═══ DATA SHOWN

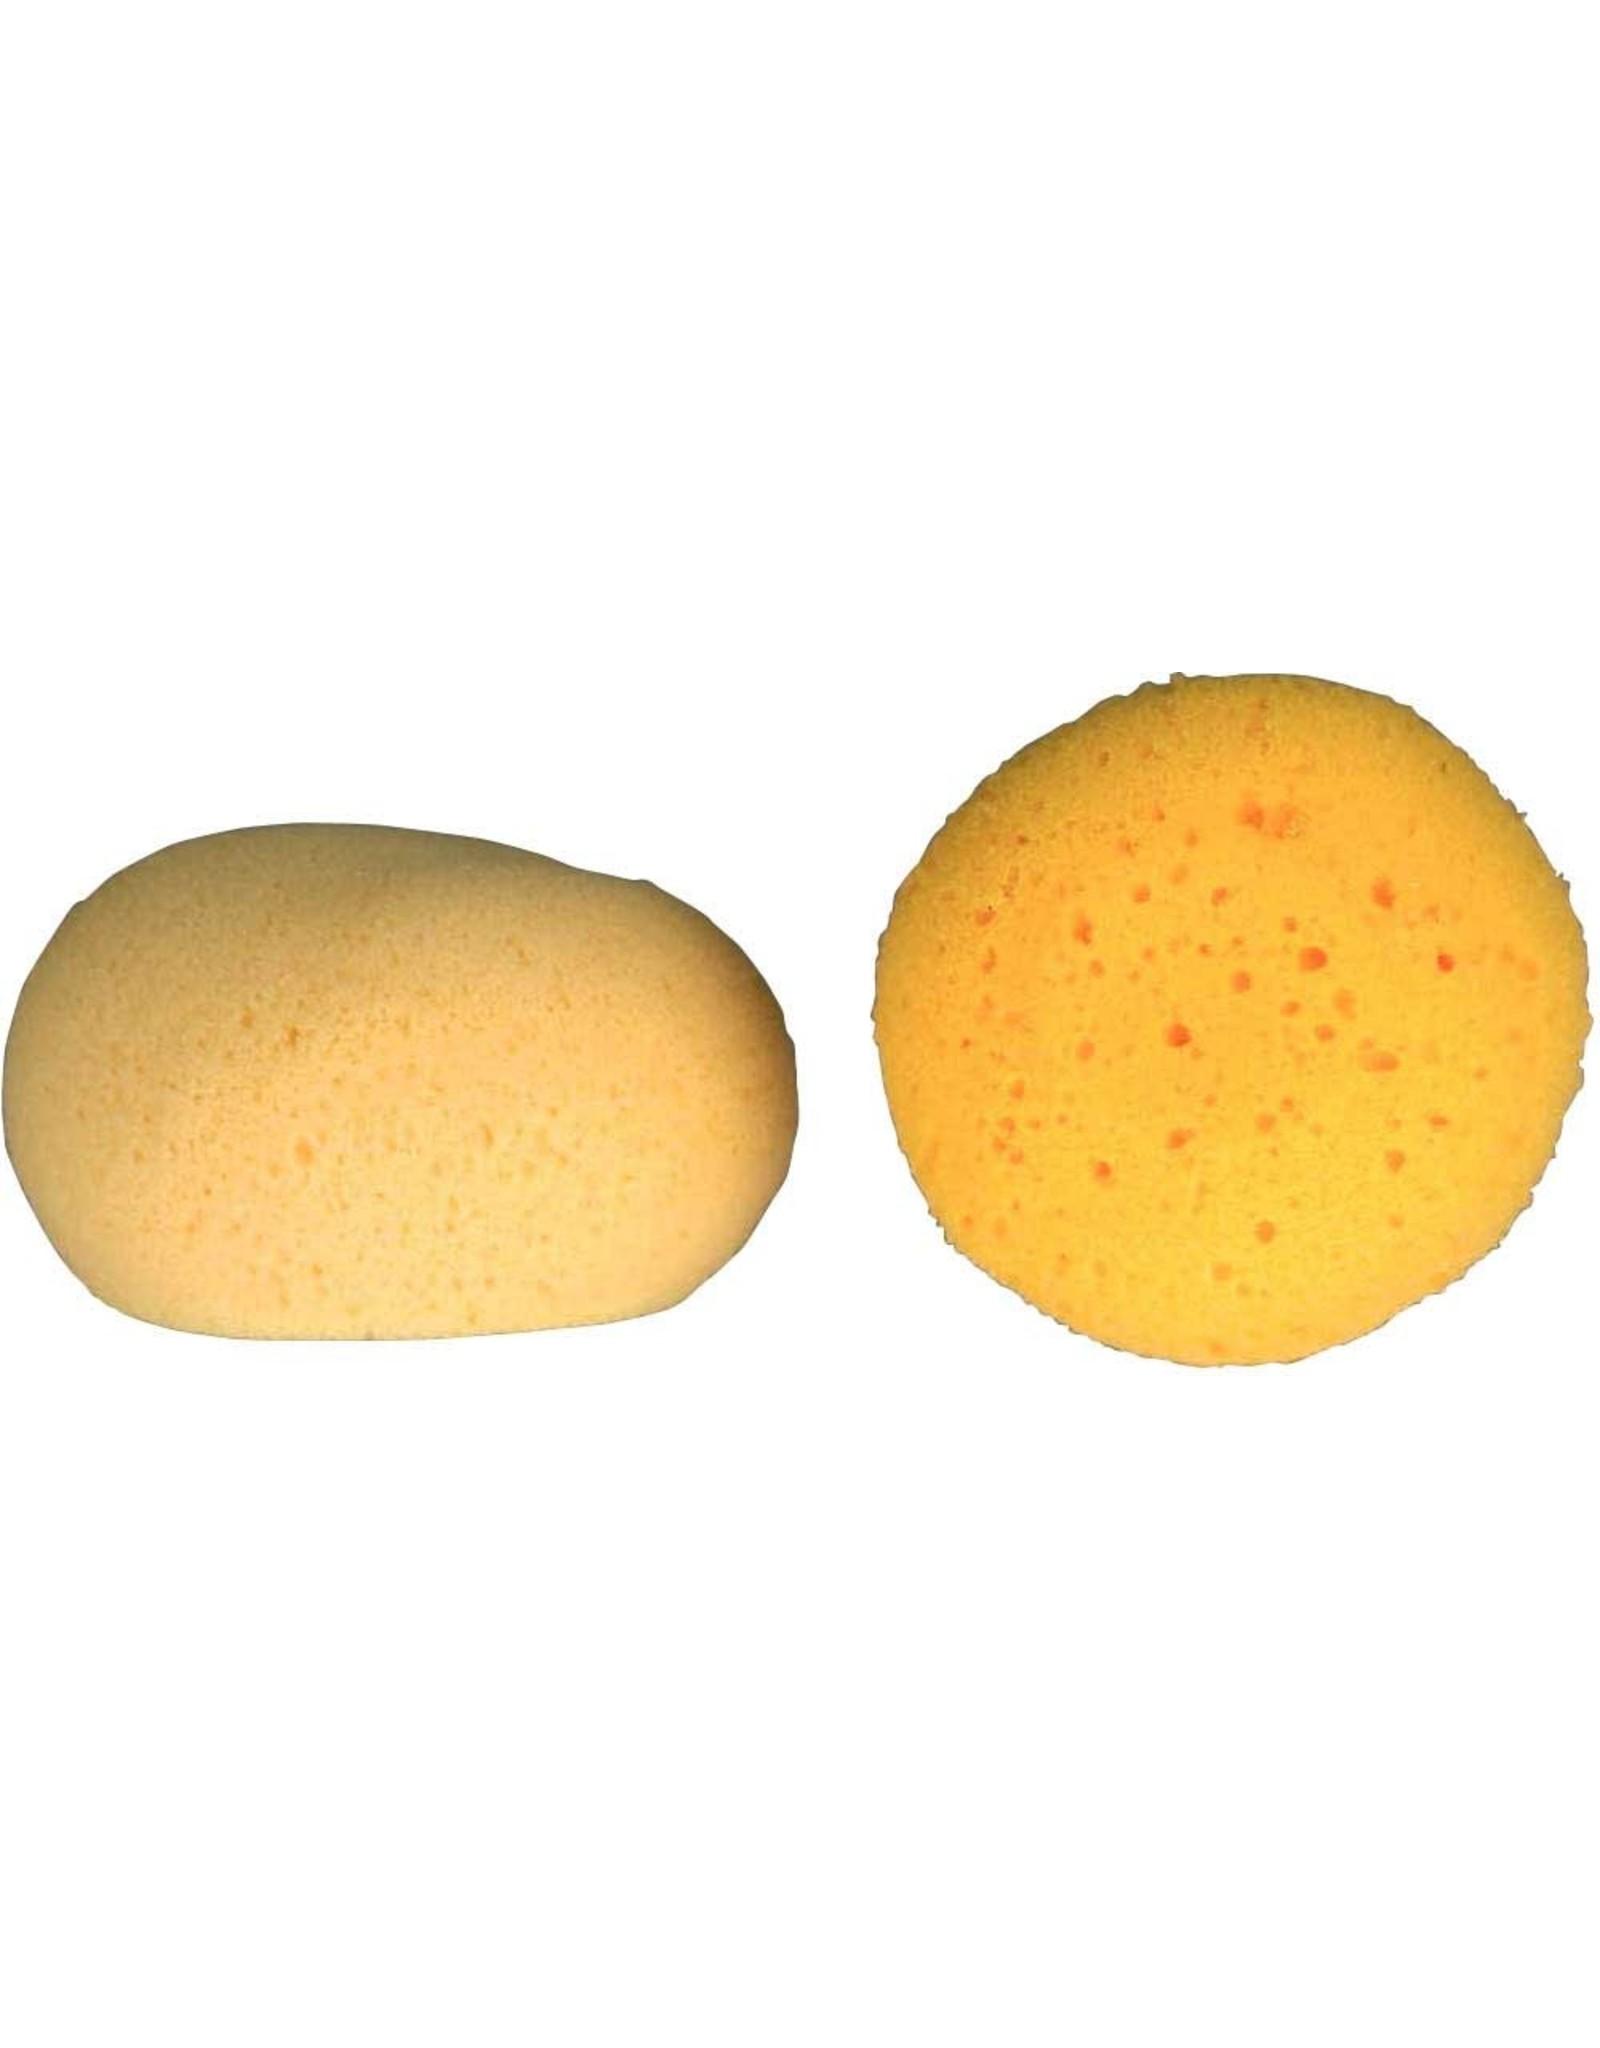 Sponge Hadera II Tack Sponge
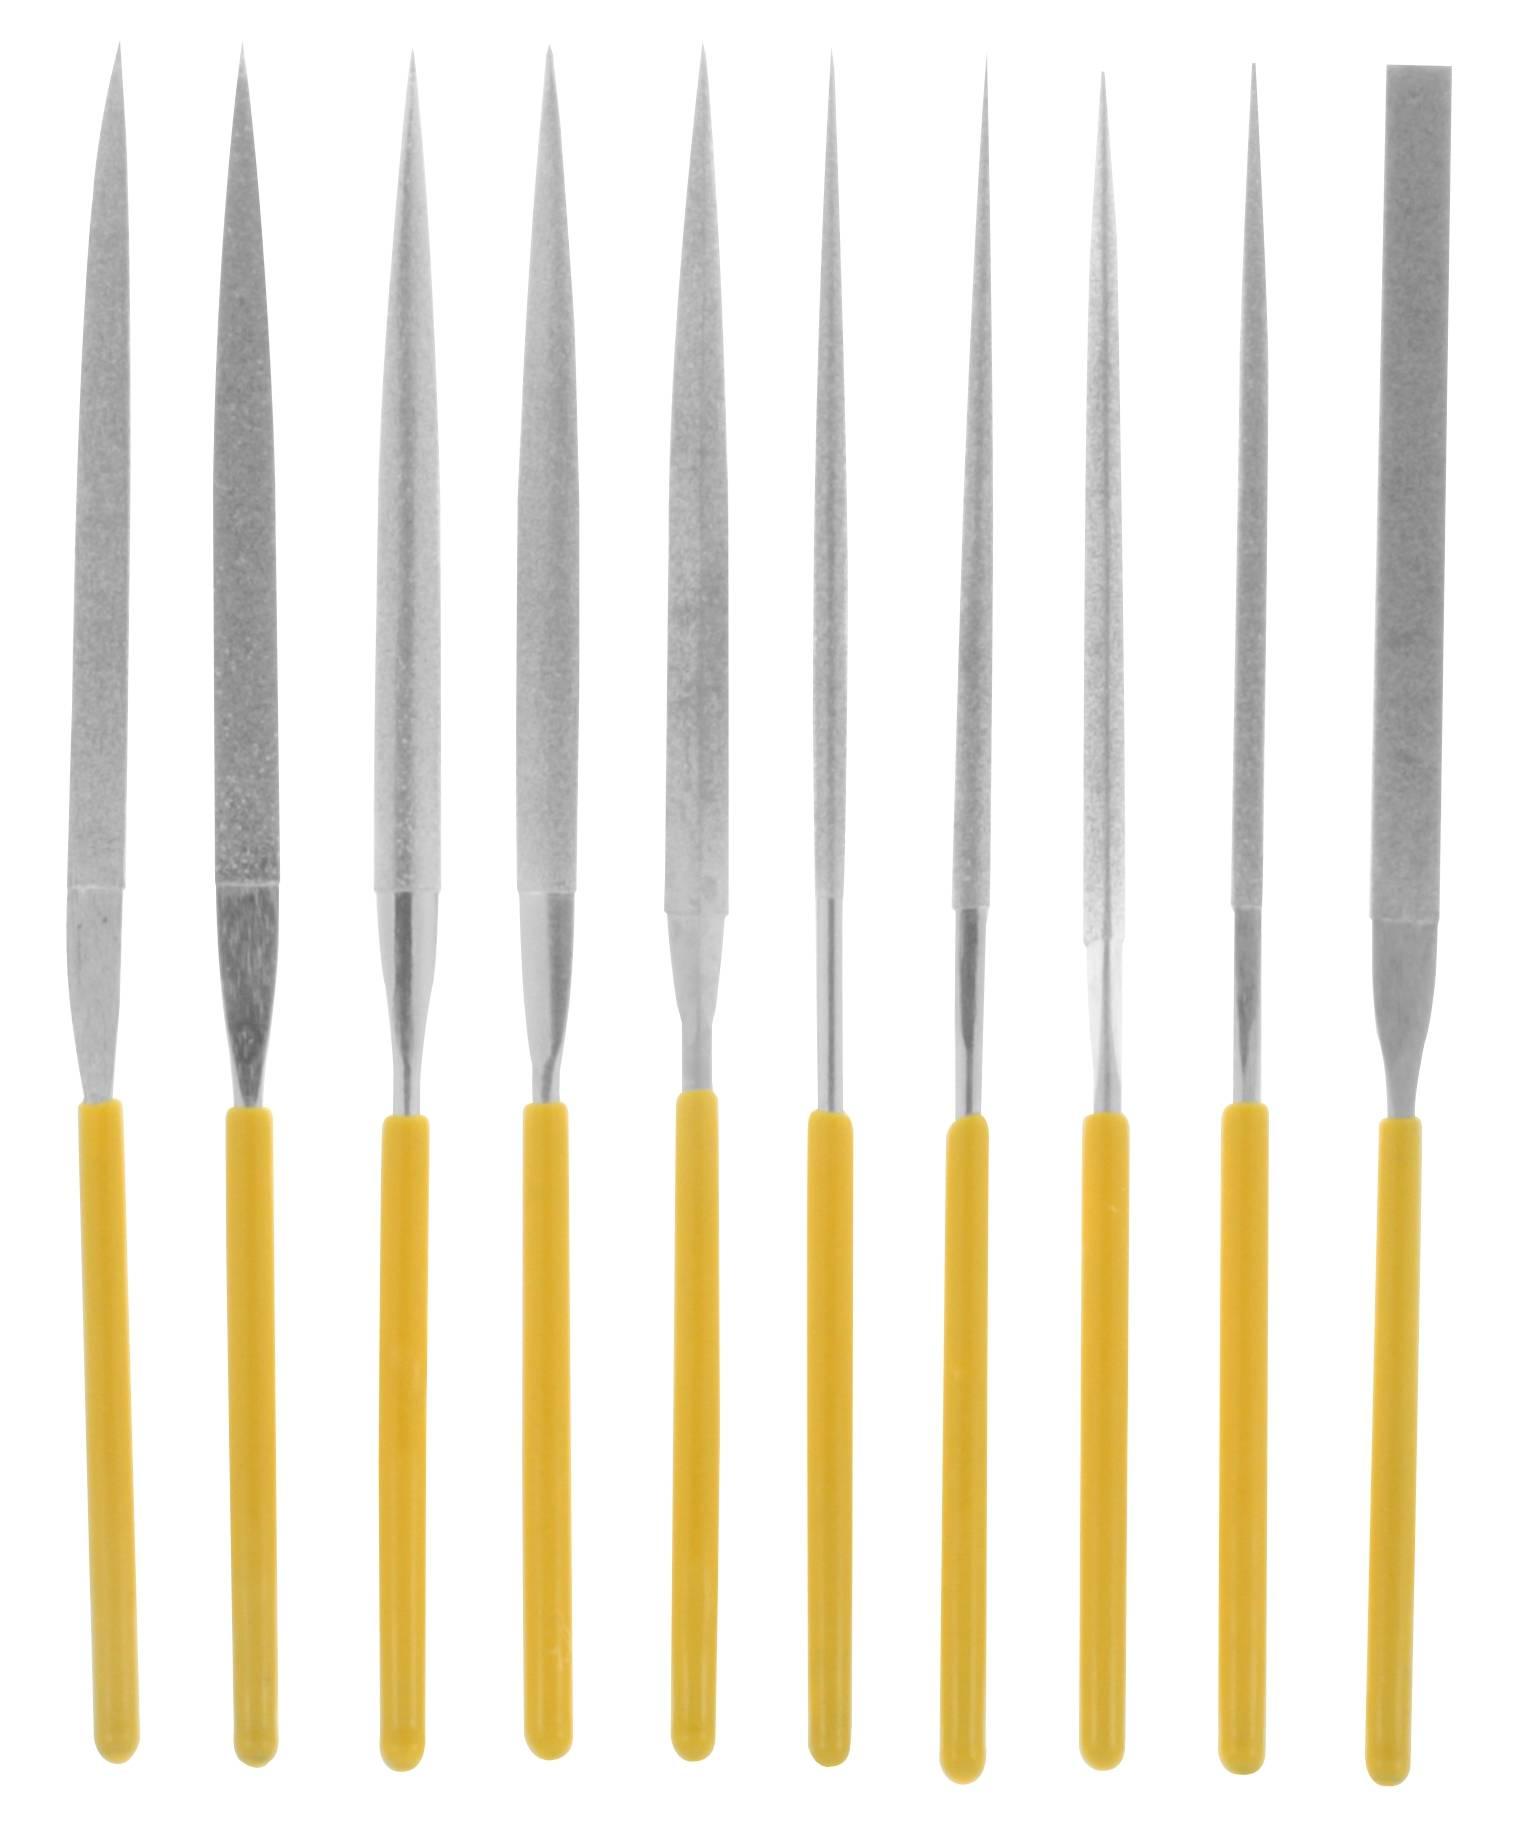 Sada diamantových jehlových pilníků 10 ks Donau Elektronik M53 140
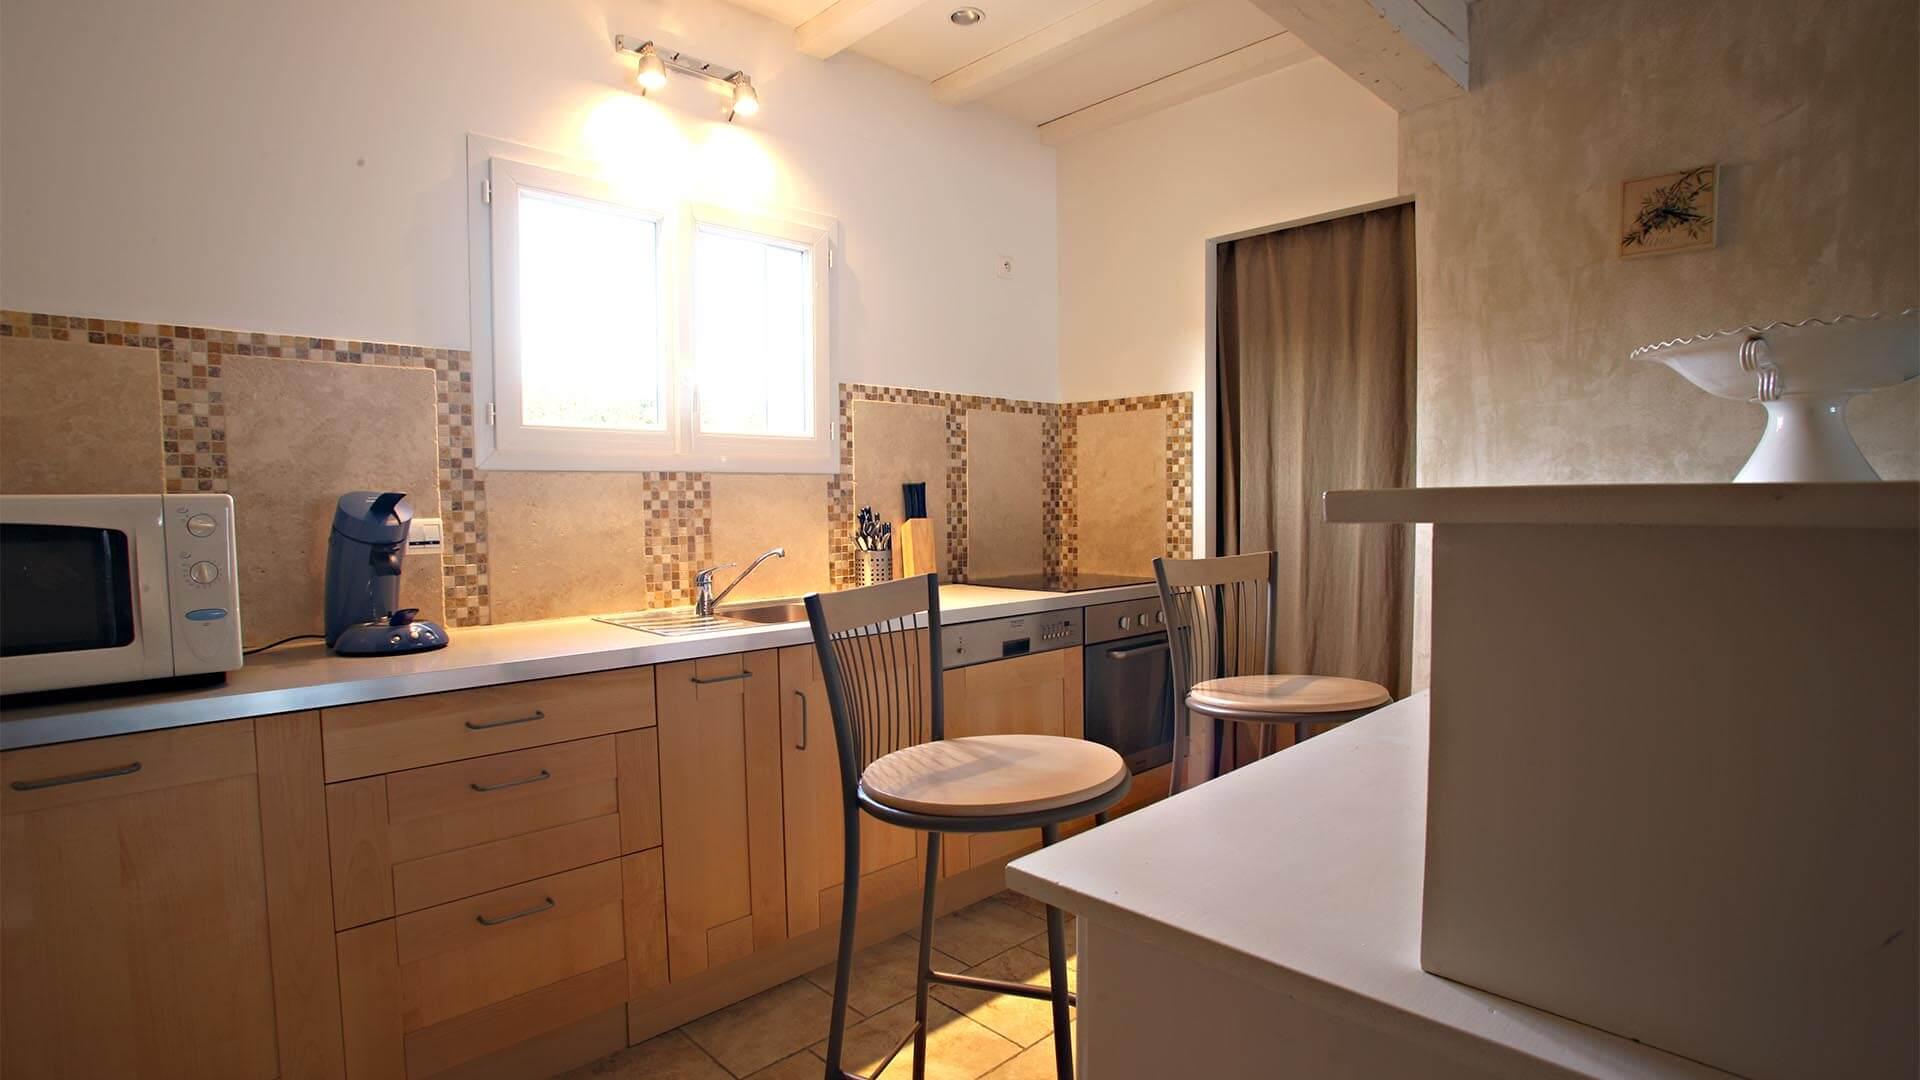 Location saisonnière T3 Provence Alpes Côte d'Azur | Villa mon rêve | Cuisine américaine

══════

TASK REQUIREMENTS:
Could the material above be given again in full and exactly, with its pictures left out?

YOUR RESPONSE:
 Sponge Hadera II Tack Sponge
 Sada diamantových jehlových pilníků 10 ks Donau Elektronik M53 140
 Location saisonnière T3 Provence Alpes Côte d'Azur | Villa mon rêve | Cuisine américaine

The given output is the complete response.